Of course, a vaccine can only confer herd immunity if it is widely used. Opinion surveys show many American “herd” members have already decided to reject a SARS-CoV-2 vaccine. Polling results in May found only 49% would take it, and 31% were unsure, while 20% would refuse a vaccine under any circumstances. A July survey found similarly sobering results. A scientific task force has warned that the Operation Warp Speed vaccine effort “rests upon the compelling yet unfounded presupposition that ‘if we build it, they will come.’”

To boost public confidence, it is essential that vaccines are approved only after both efficacy and safety are rigorously proved. Any rushed political interventions and election year politics that compromise safety assessments could render mass immunization impossible by further fostering public distrust.

As prominent economists have put it, “Absolute economic recovery rests on the eradication of COVID-19. The reality is that the timeline, efficacy, cost, and distribution of a vaccine all introduce factors that we do not believe are appropriately reflected in the markets and public sentiment.”

This killer coronavirus will not simply “disappear” as long as human behavior allows it to spread within the herd. A Wall Street miracle, where powerful, lasting immunity emerges en masse and allows the world economy to return to its 2019 ways, is delusional. Until a vaccine or multiple vaccines are developed and used on a global scale to confer herd immunity, human beings must exercise free will to protect themselves and the rest of the human herd by using masks, social distancing, and good old-fashioned common sense.

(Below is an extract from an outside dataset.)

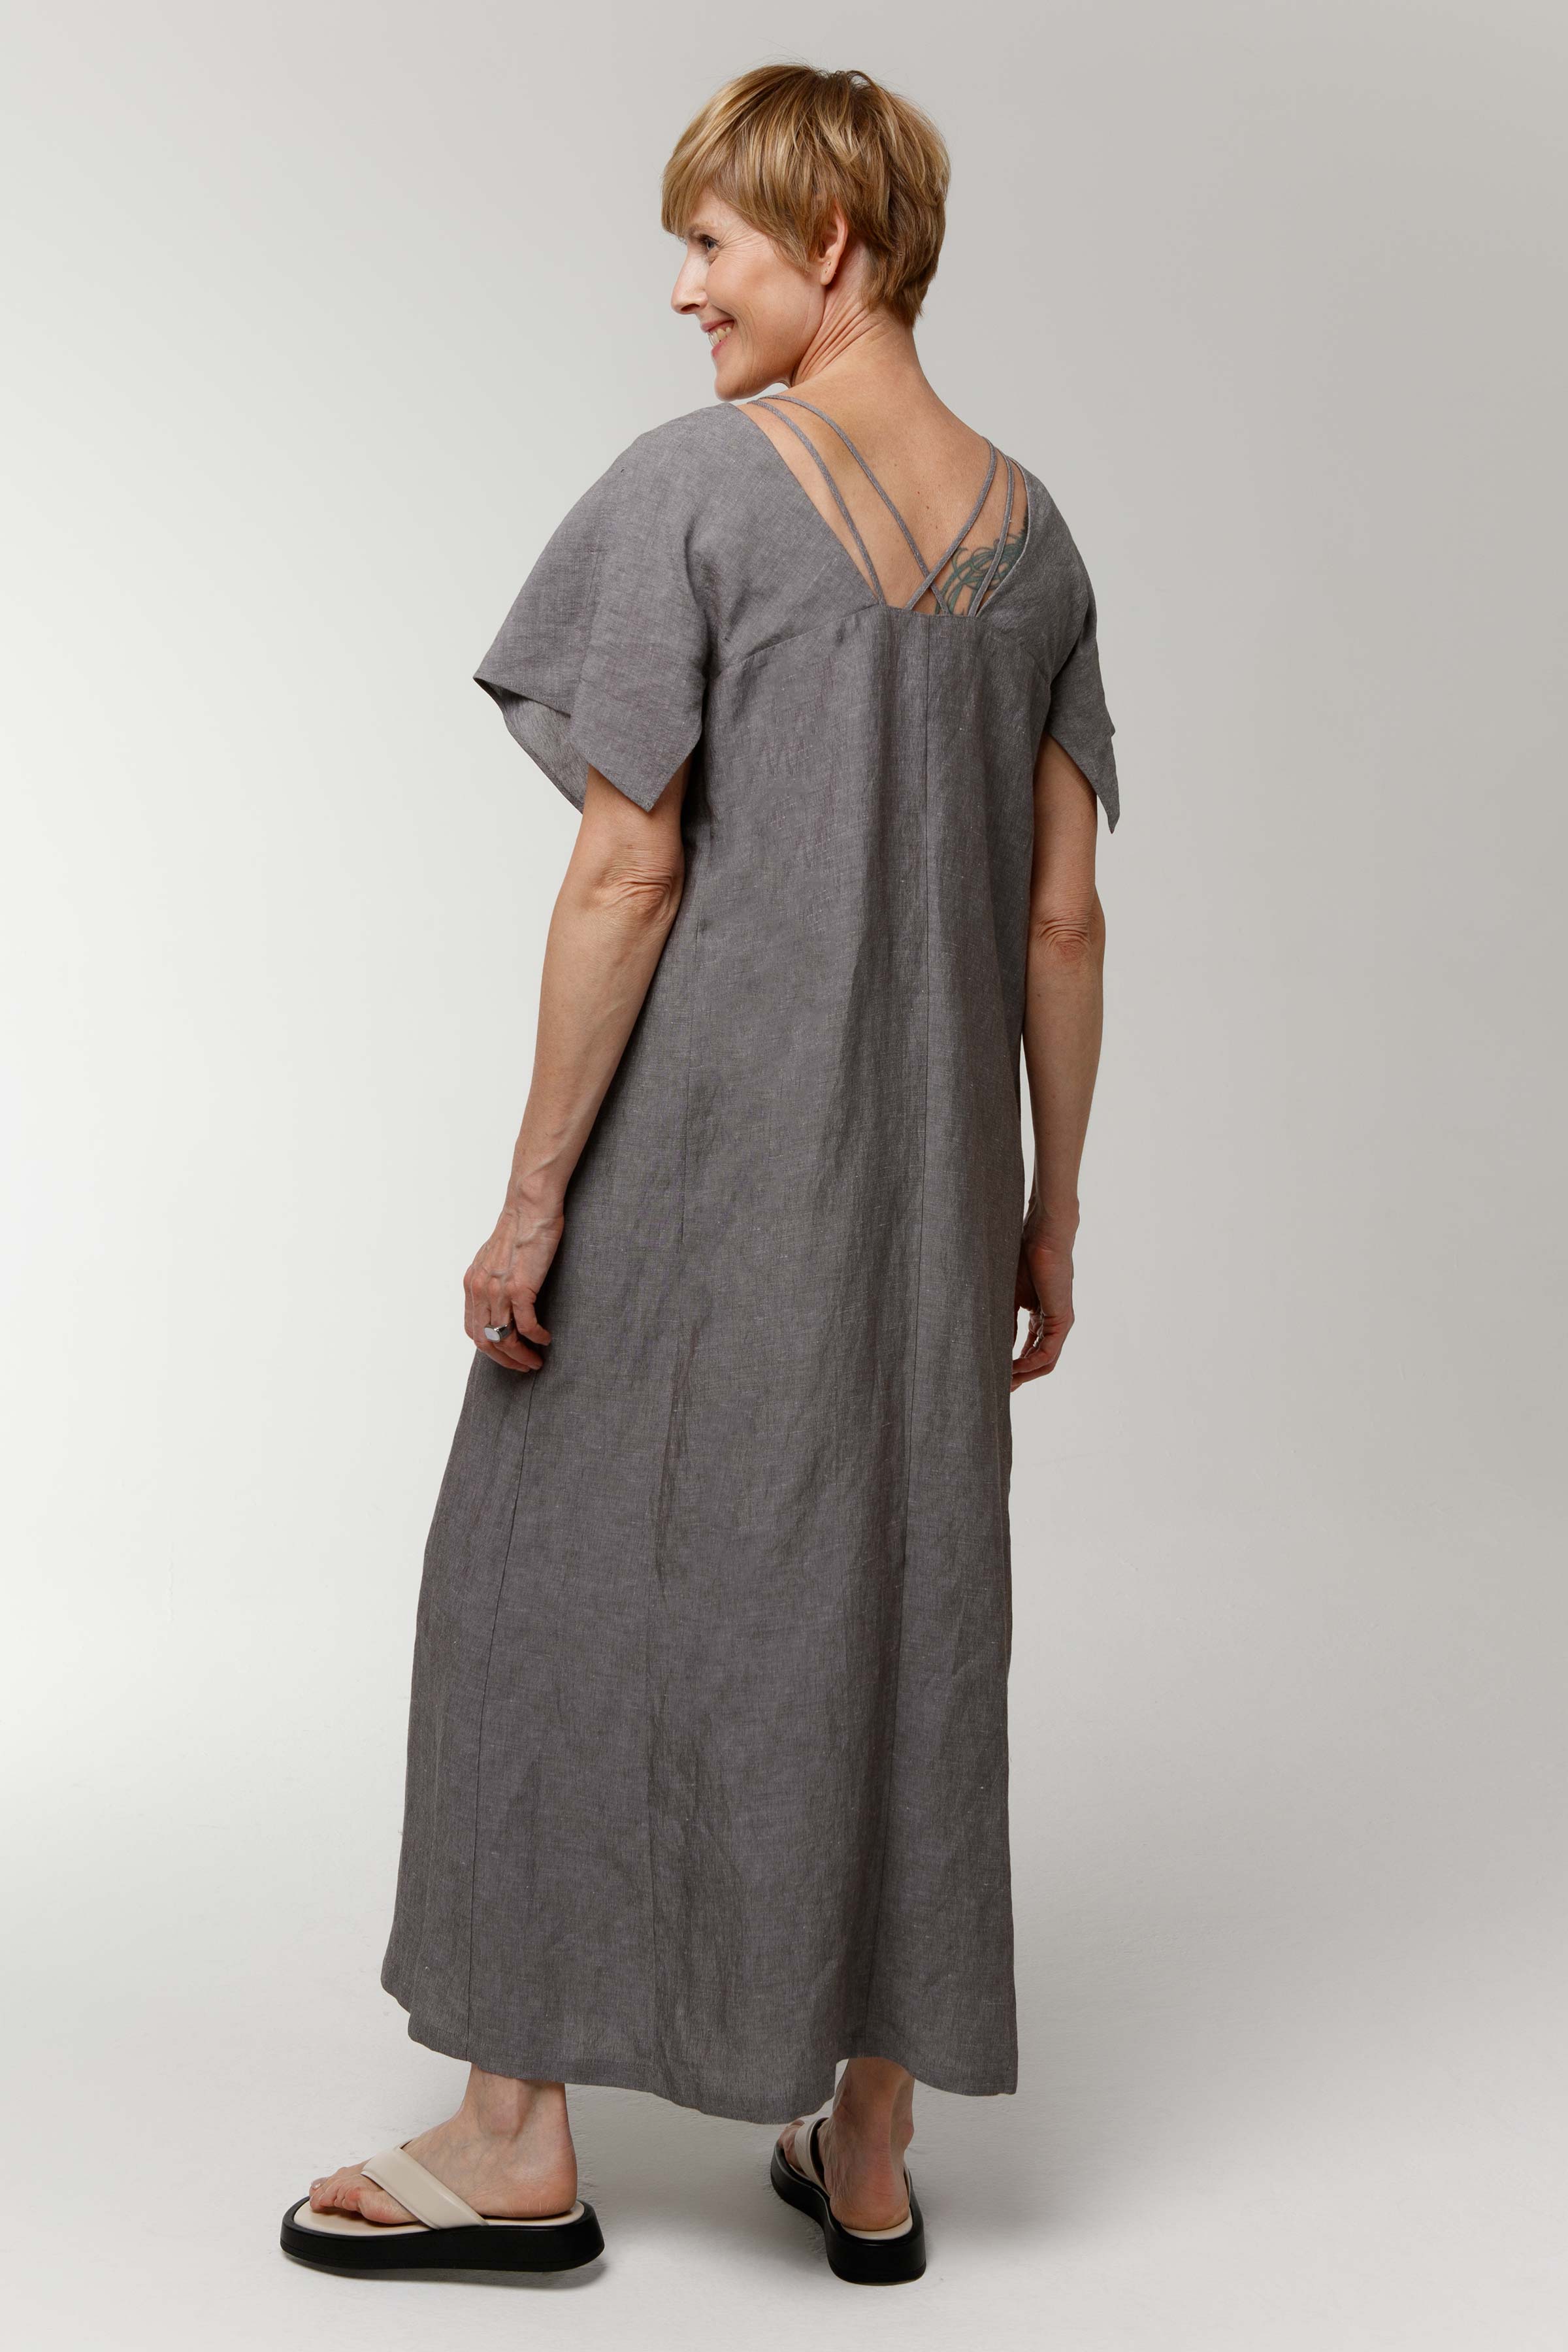 Платье с крылышками, лён 15 Серый меланж (melange gris) от Lesel (Лесель)! Заказывайте по ✆ 8 (800) 777 02 37
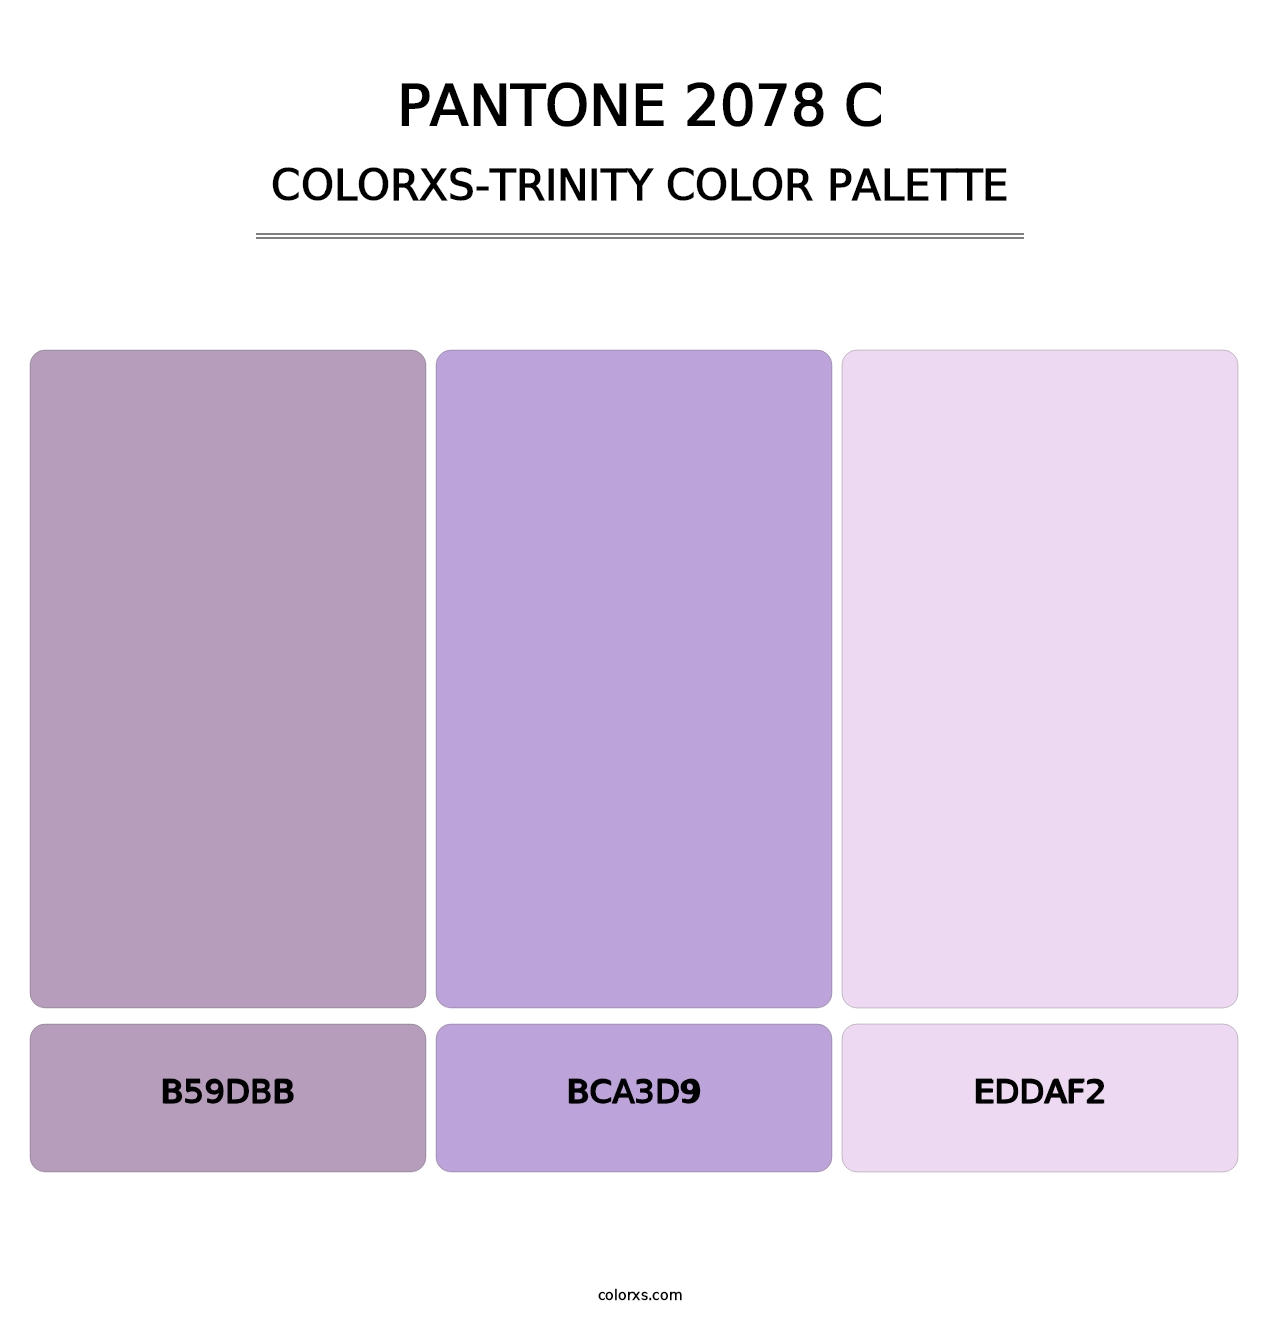 PANTONE 2078 C - Colorxs Trinity Palette

Laurie Garrett is a Pulitzer Prize–winning science writer, author of Betrayal of Trust: The Collapse of Global Public Health and other books, and a science contributor for MSNBC News.

John Moore is a professor of microbiology and immunology at Weill Cornell Medicine who has conducted research on HIV and, more recently, SARS-CoV-2, neutralizing antibodies, and spike glycoproteins.